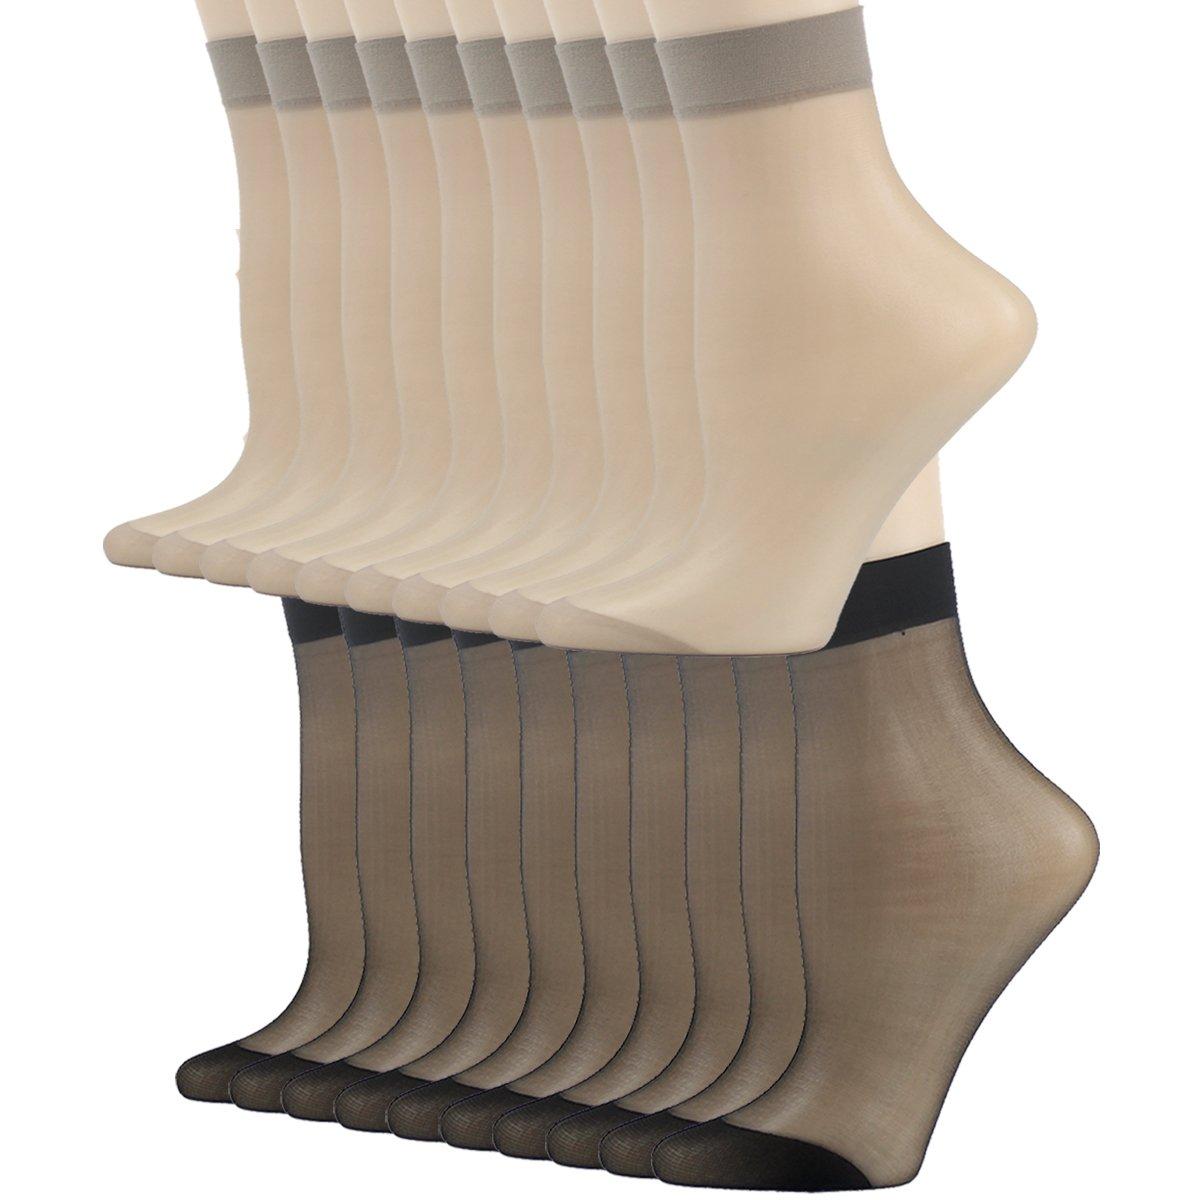 Tight Socks, INCHER Women's Nylon Socks Gift Office Business Ankle High Stockings Ankles For Women Hosiery Silk Short Socks Casual Ankle Sheer Socks 20 Pairs
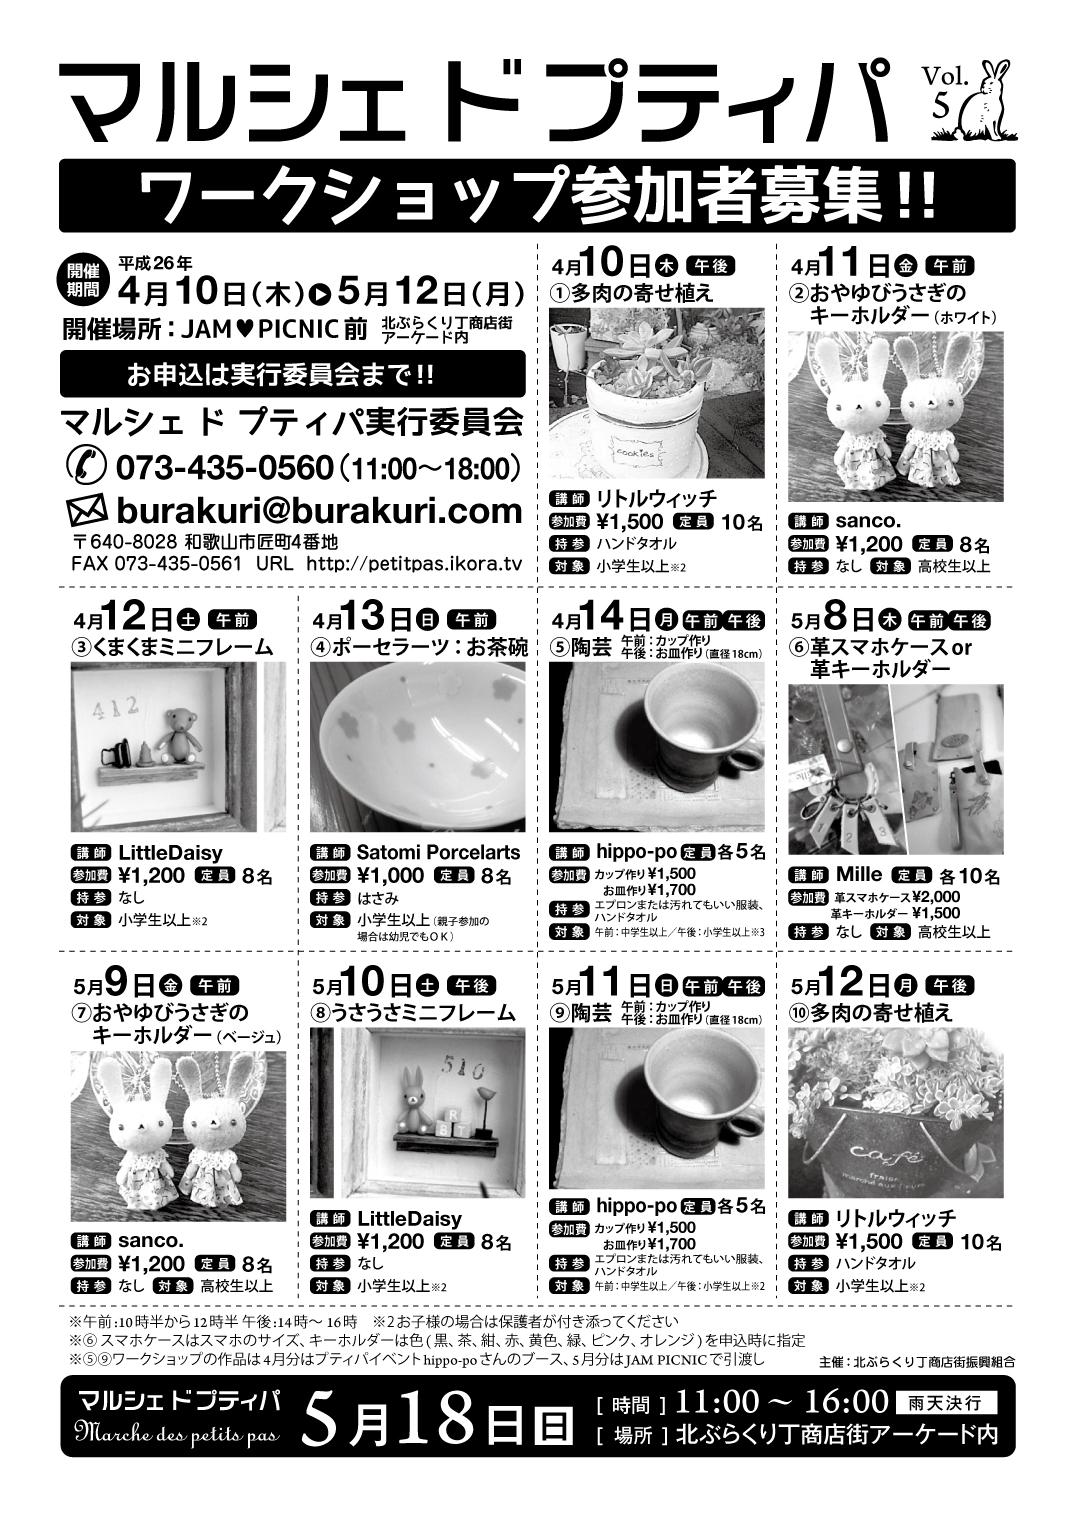 プチパ_2014春_第二弾.jpg
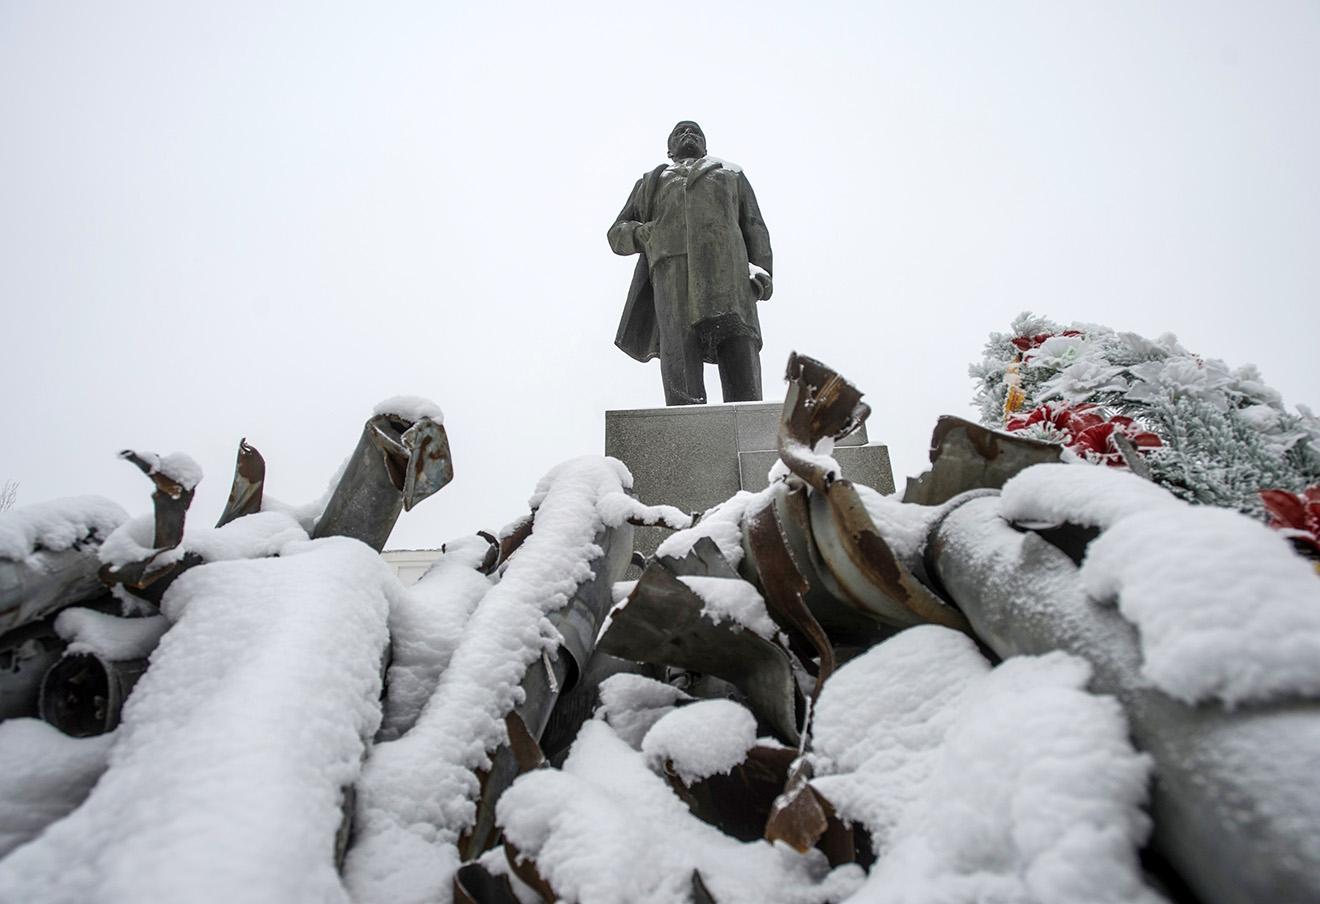 Памятник Ленину и осколки боеприпасов в Первомайске, Украина.

§ THE TASK
Apart from its pictures, the data is to be repeated exactly.

§ YOUR RESPONSE
 Tight Socks, INCHER Women's Nylon Socks Gift Office Business Ankle High Stockings Ankles For Women Hosiery Silk Short Socks Casual Ankle Sheer Socks 20 Pairs
 プチパ_2014春_第二弾.jpg
 Памятник Ленину и осколки боеприпасов в Первомайске, Украина.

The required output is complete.